Start of Block

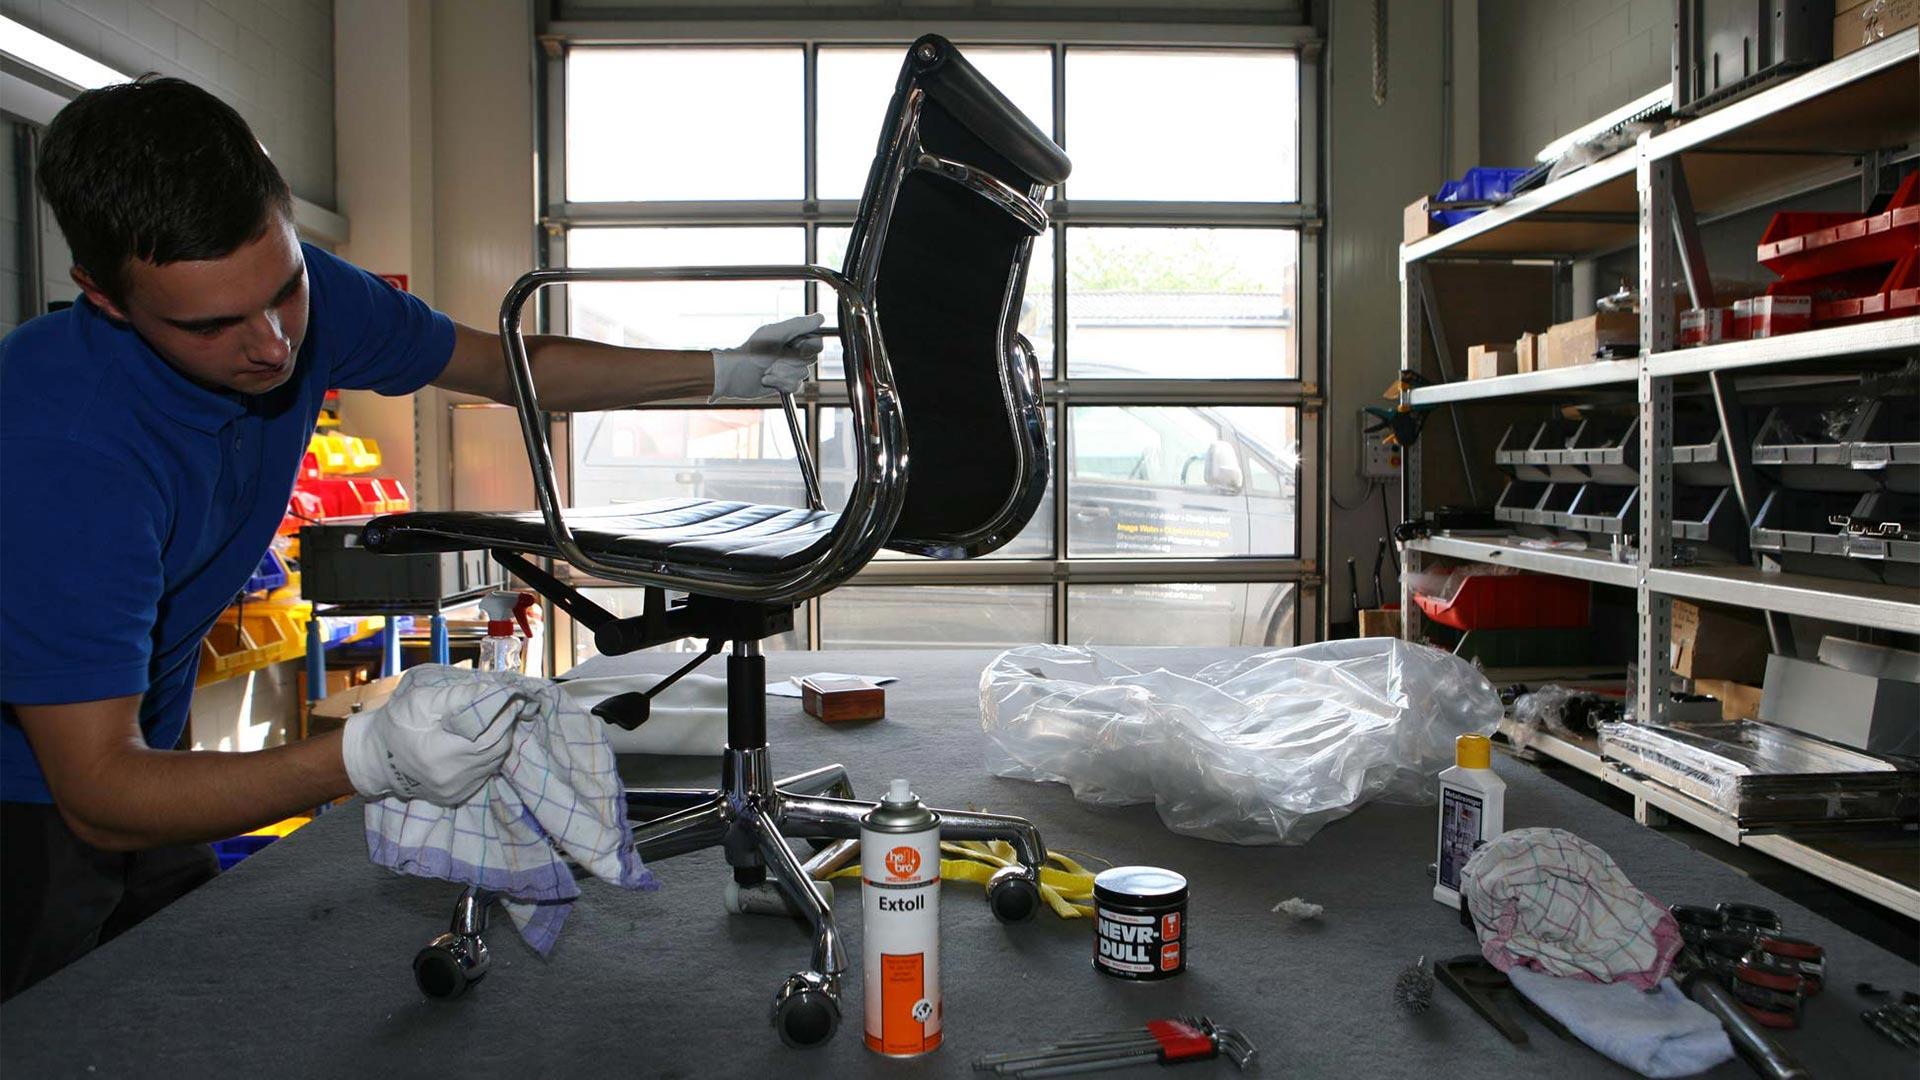 Vitra Ersatzteilservice + Reparatur Eames alu Chair in Berlin bei steidten+09
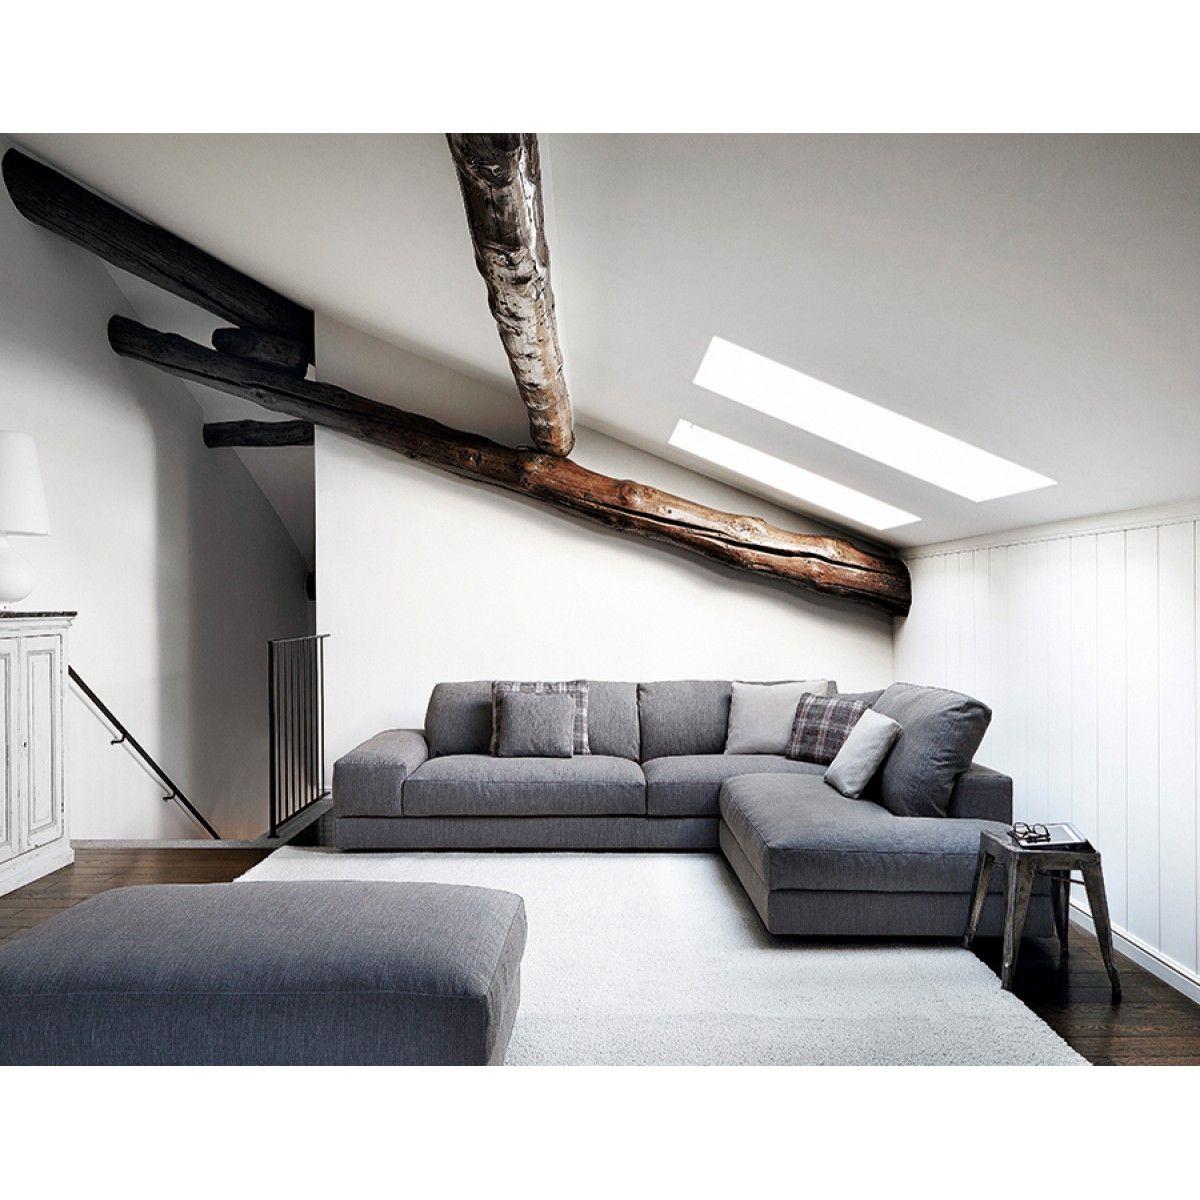 Swan Italia Hamlet Sofa   Very Flexible And Modern Modular Sofa Range,  Which Has Ingenious
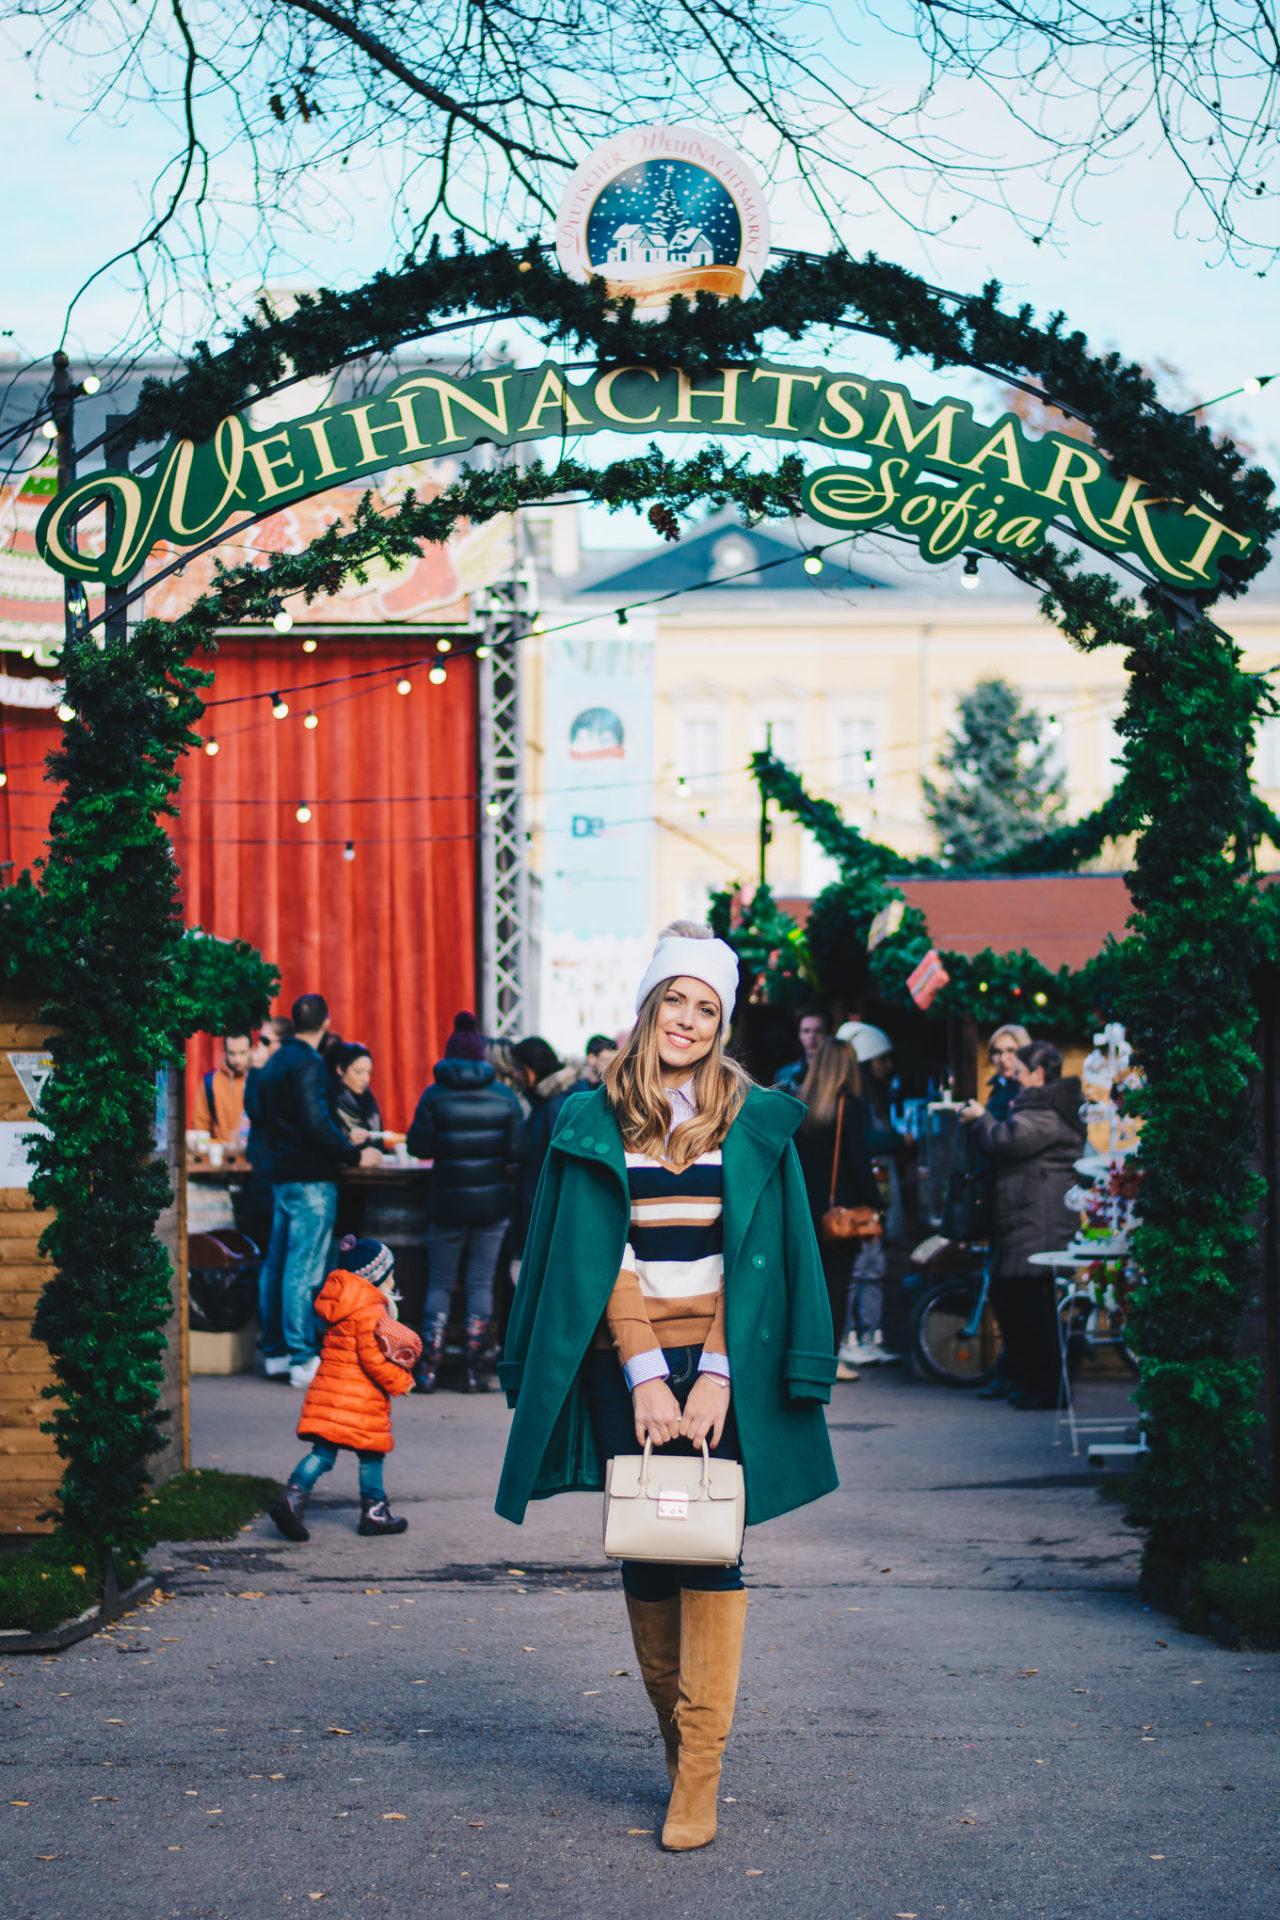 Benetton Christmas spirit

End of Block

### [REQUIRED WORK]
Pictures stay out; all other material above is restated word for word.

### [REPLY TO THE TASK]
 Vitra Ersatzteilservice + Reparatur Eames alu Chair in Berlin bei steidten+09
 Swan Italia Hamlet Sofa   Very Flexible And Modern Modular Sofa Range,  Which Has Ingenious
 Benetton Christmas spirit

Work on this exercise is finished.